A Glimmer; A Way Forward
Consider the following. I have a potentially livable source of income with my techie skills and political connections, and if I can make myself enough of a commodity I think I can keep from having to work for anything i really don't dig, at least in anything exceeding the capacity of a pure technician.
This isn't really what I want to do with my life in the long run, but it works and I enjoy helping good people and causes get a lot out of this old internet.
So that's a way to live which will give me time and space to do other things if I want, or if I want to work more I can probably even save up some money. Let's call that idling. Idling isn't going to cut it, but it's there. Bracket that for now, and let's assume that questions of survival are academic.
What I want -- apart from what I know is possible -- is a much more interesting (difficult) question. (1000 words total)
When I really think about this sort of stuff I always get extremely meta. The pressing questions are really on the level of "how do you want to be?" I'm thinking of Staruday's conversation when Christine asked me if I still considered myself an artist. It reminds me of another time, and it makes me want to be able to say yes to that question, because it has always felt good what I have done that.
I wanna be an artist. I'm not entirely sure of this, but it feels kindof right. To cut to the quick, this is a moral issue. On my friendter profile I've listed my occupation as "Velvet Revolutionary," and if you want to talk about artistic/political crossovers you can't get much better than Vaclav Havel. Without getting egomaniacal, those are huge shoes to fill, but the general model of establishing social, cutural and ethical capital through artistic endeavors and then turning that towards actionable political ends seems generally appealing.

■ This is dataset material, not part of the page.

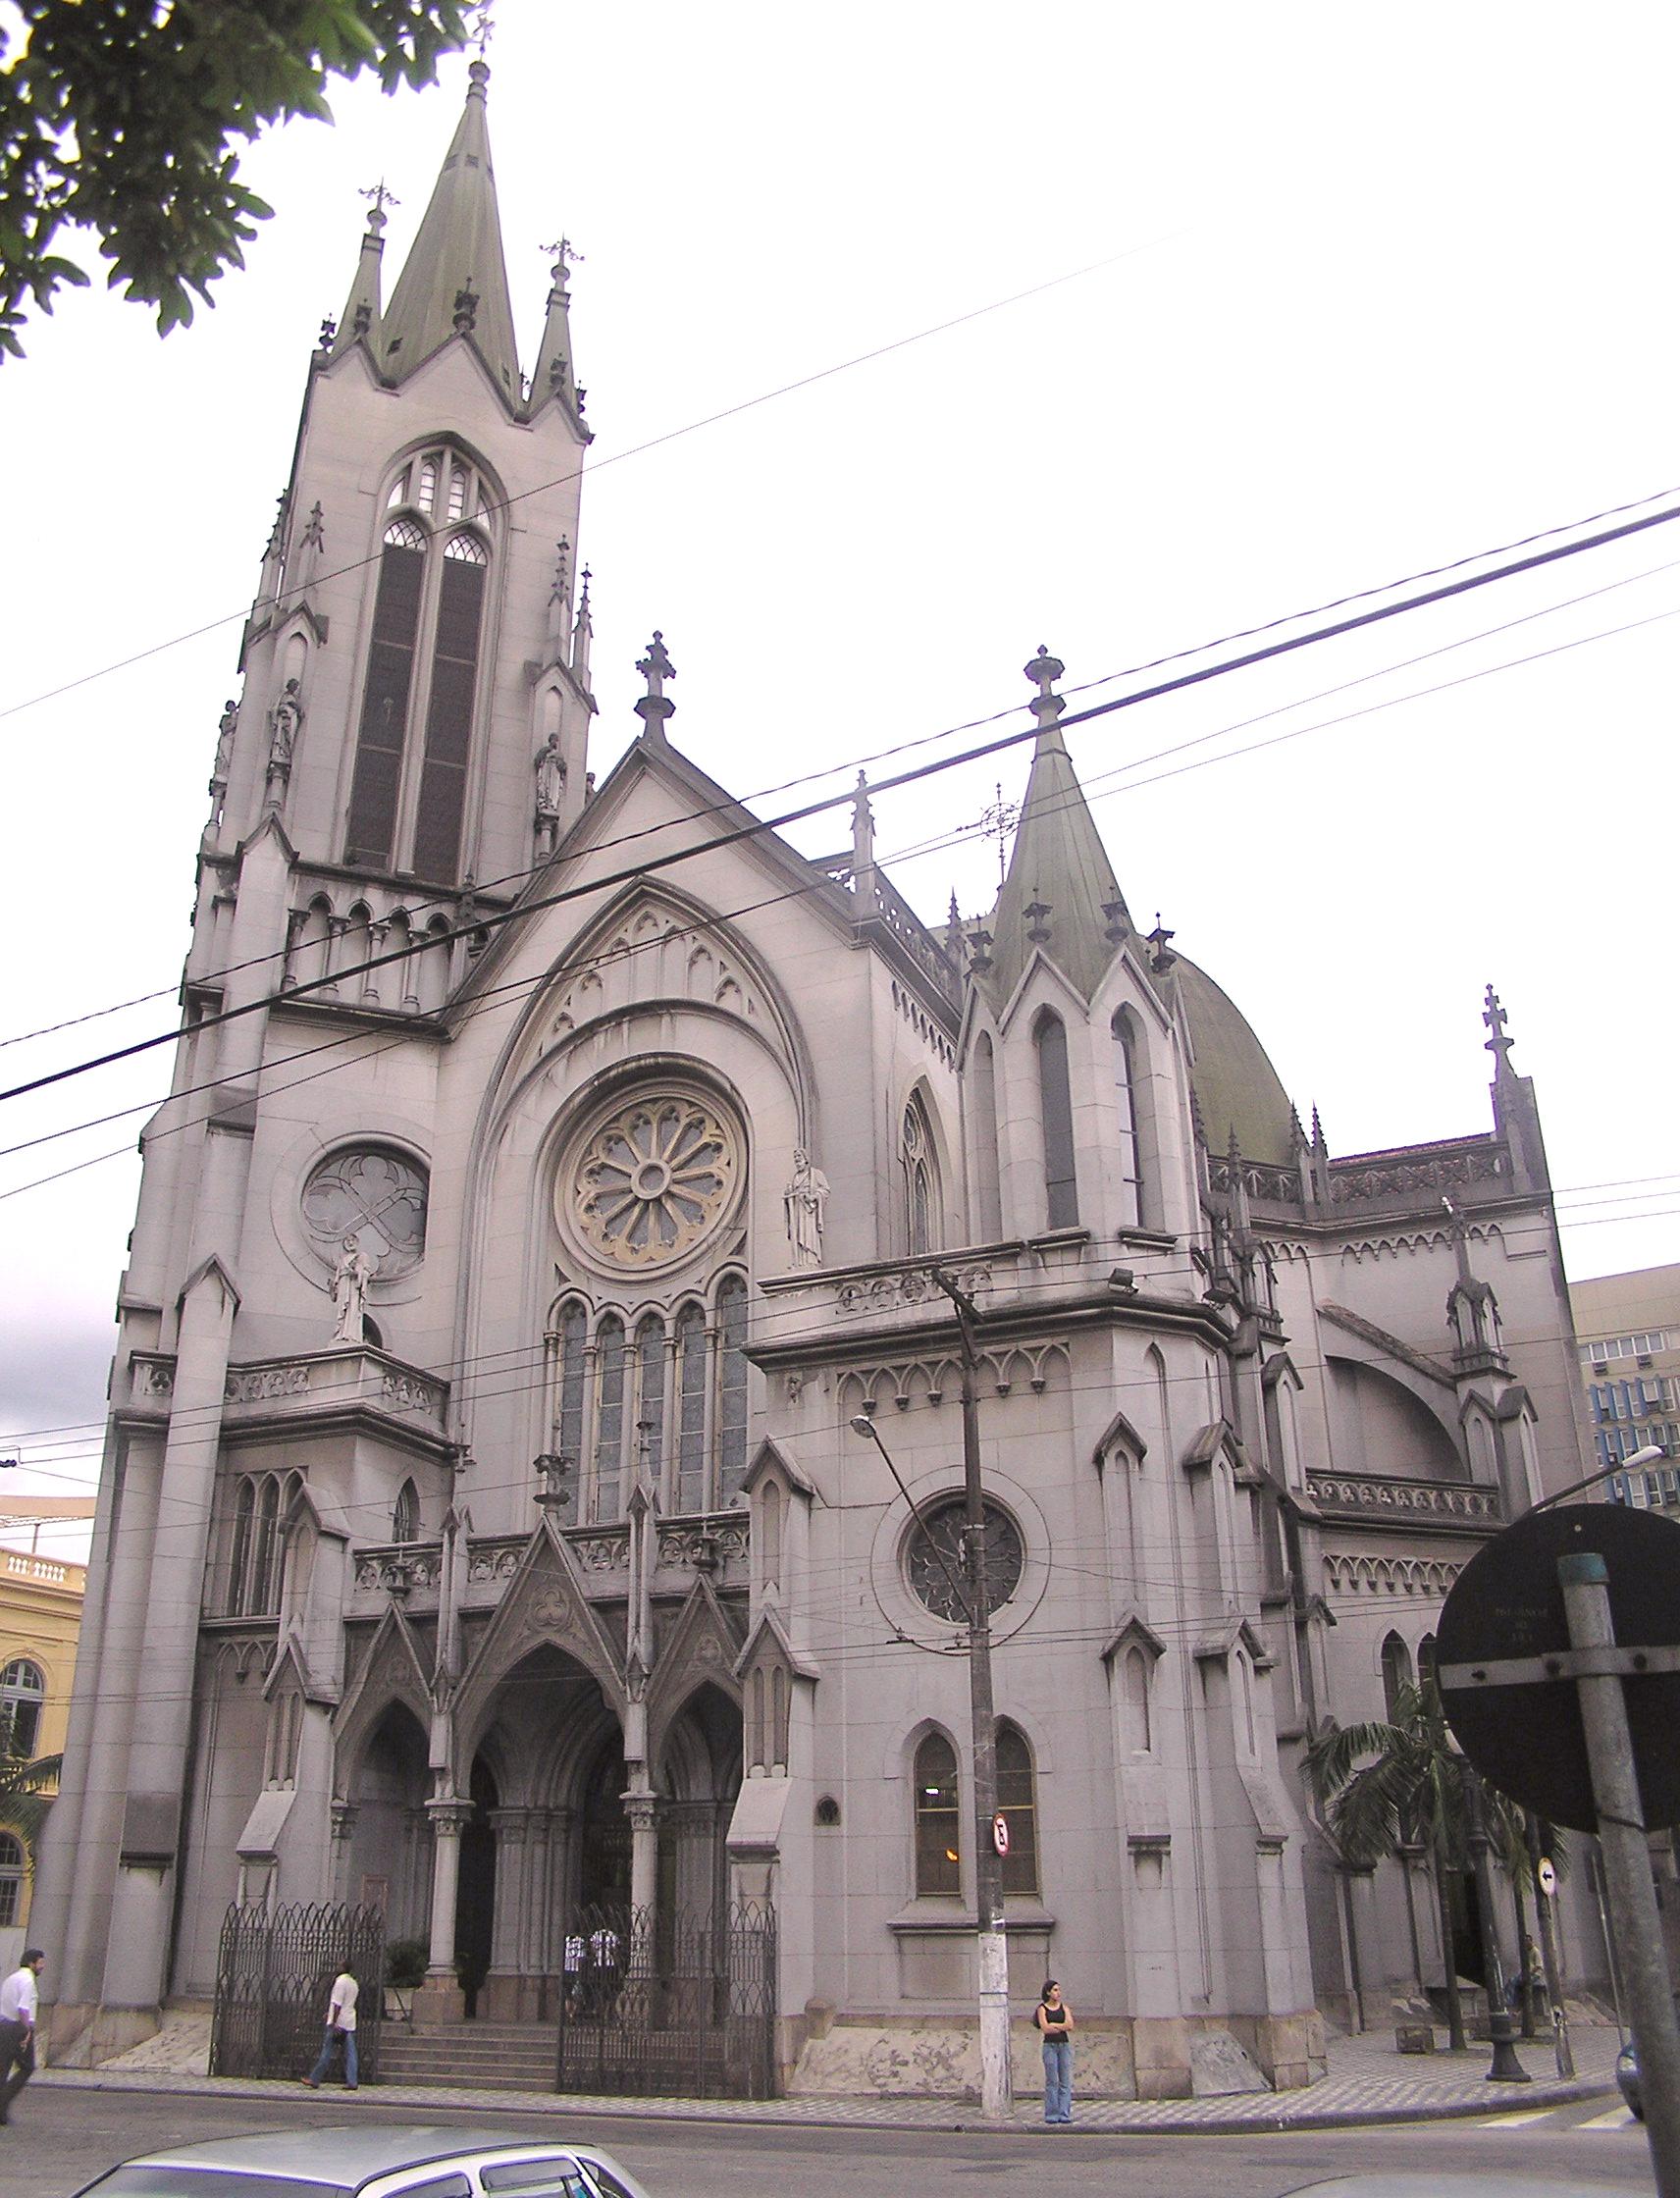 Depiction of Catedral de Santos

Accepting the moral challenge of "being an artist" is a risk. Nothing ventured nothing gained, this is true, but I'm not sure if this risk is really the one I'm looking for. The world of "art" as currently concieved is a raging maelstrom of insignificace. It is not socially or culturally material. It exists chiefly through largess of the upper-upper class. I am not inclined to climb that ladder.
But then again I'm not inclined towards shimmying up anyone's ladder. It's not in my nature. I've yet to encounter an institution or arena of human endeavor that's much bigger than a few hundred people which I can really admire and respect. Perhaps my standards are unrealistically high, but I'm sick of situations overrun with dumb rich kids and people who get off on ascending one hierarchy or another. I'm sick of wannabe revolutionaries who haven't thought it through, of greedy pirate utopians and associated attention whores.

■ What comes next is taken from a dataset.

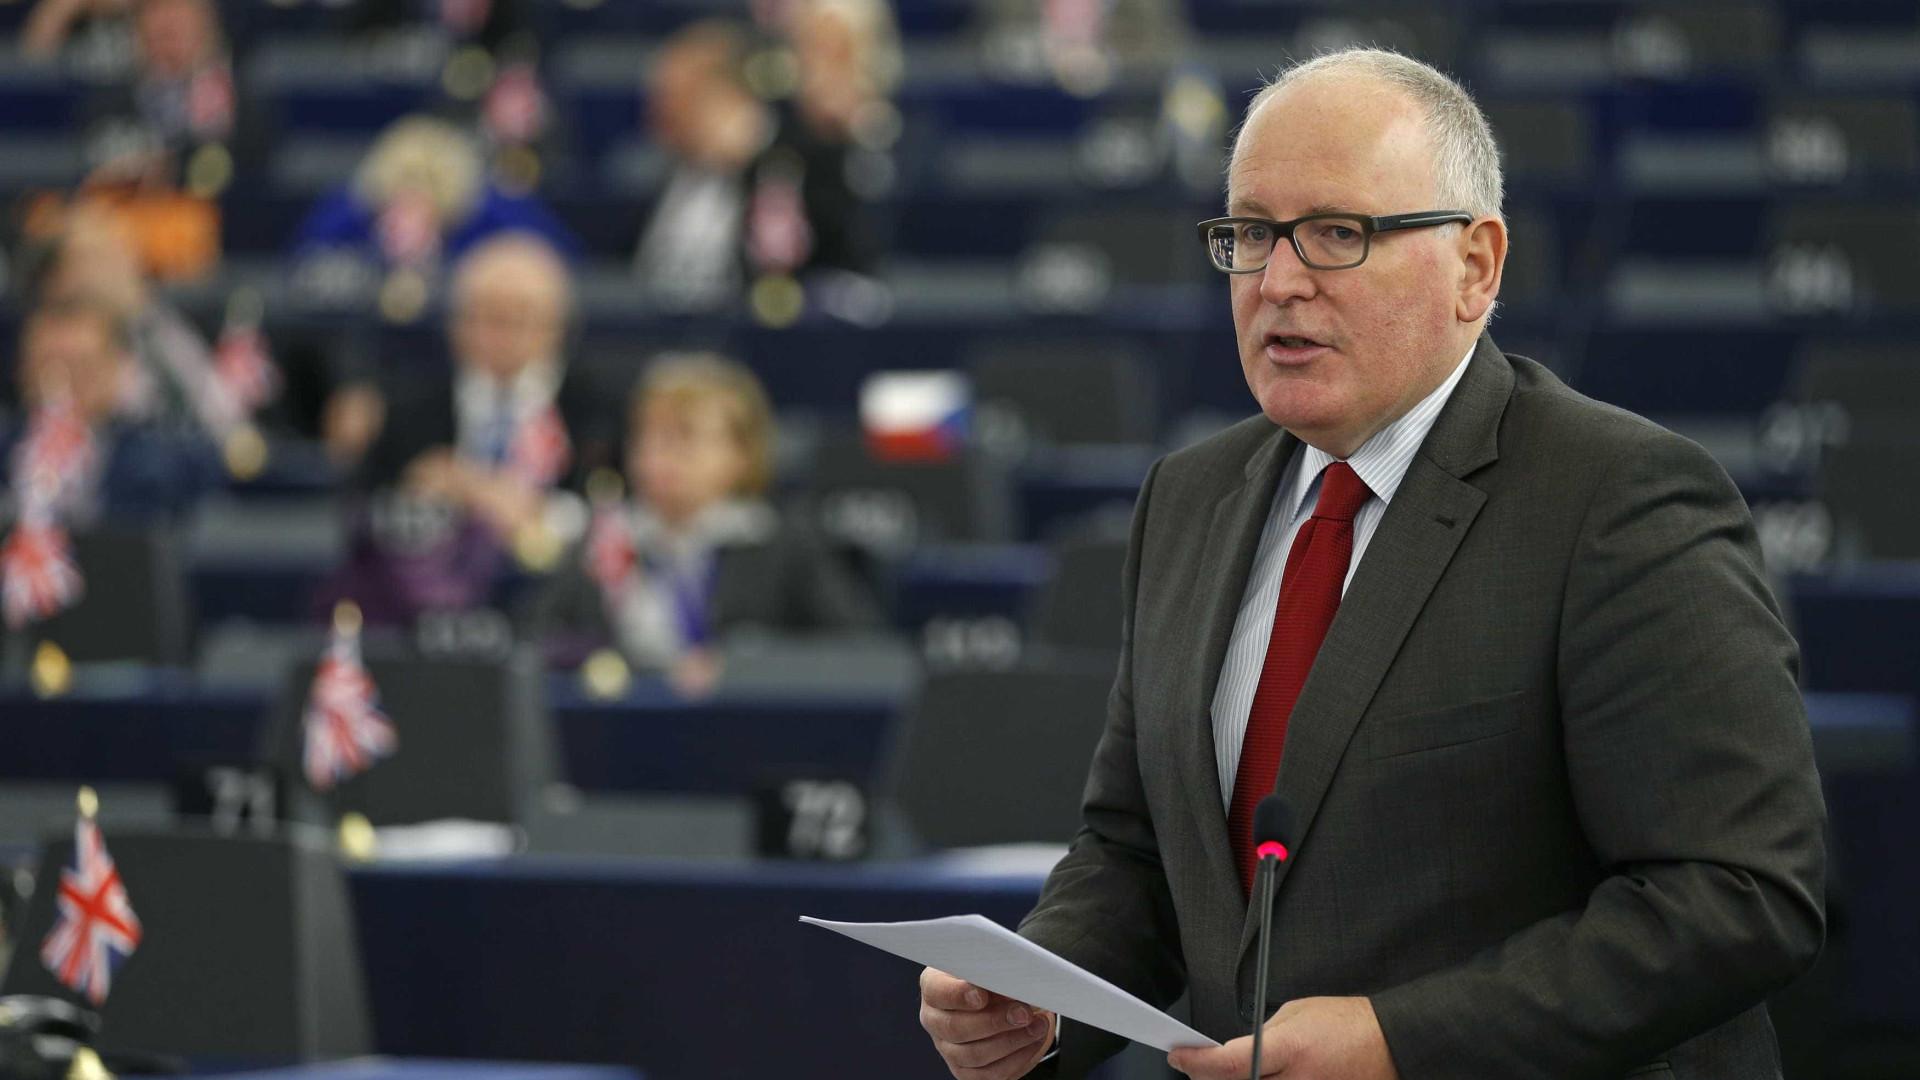 Socialista Frans Timmermans candidato à sucessão de Juncker em Bruxelas

Maybe this is why I haven't yet gotten much traction here in NYC. I just don't know where it's at, and my attitude is generally pretty poor. But it's fucking depressing. To the best of my knowledge, I've been bouncing around some of the better enclaves of this country for the sorts of things I'm interested in, and I've yet to really find anywhere I feel I fit, or anyone I really think I can follow.
This is hard. I can't do it alone, yet I don't have any contemporary models from which to draw strength, no footsteps to tread in which don't seem antiquated. There's great hope in Robert Owen's example, but that's 200 years old and no one's really picked up on it since then. There's great wisdom in some of the old hippy screeds like, "Enlightenment is getting off your tail and doing something," and "We are this season's people, and if we don't do it, it won't get done," but those are more motivational than directional. "In all fairness there is more than enough to go around," is a pretty cool general ethic, but the devil is still in the details.
It occurs to me that I've given relatively little time and energy to introspection lately, and that I've got to figure out how to make myself happy if I want to have any kind of shot at a good life. I guess that's what I'm trying to chew through here. I'm also lonely. That doesn't help any of this out. I'm in a desparately precarious position, personally. That's another big wordy piece, so I'll leave it at that for the moment.
To sum up, I like telling people I'm an artist, but I don't like the position which art currently occupies in the world. I want to influence the political process, but I don't want to call myself a politician or have to put up with the BS of working through those systems myself. I want to make use of the still breaking tech reformation, but I don't want to be tied into the role of technician.
Where that leaves me, I'm not sure. Still stuck in the middle. I'm not-so-secretly hoping that The Road Trip will shake some things loose, but I'm not counting on it.
Well, there's not much for it but to keep breathing and living and striving and sweating. Life is holy and every moment precious. Time to get vested.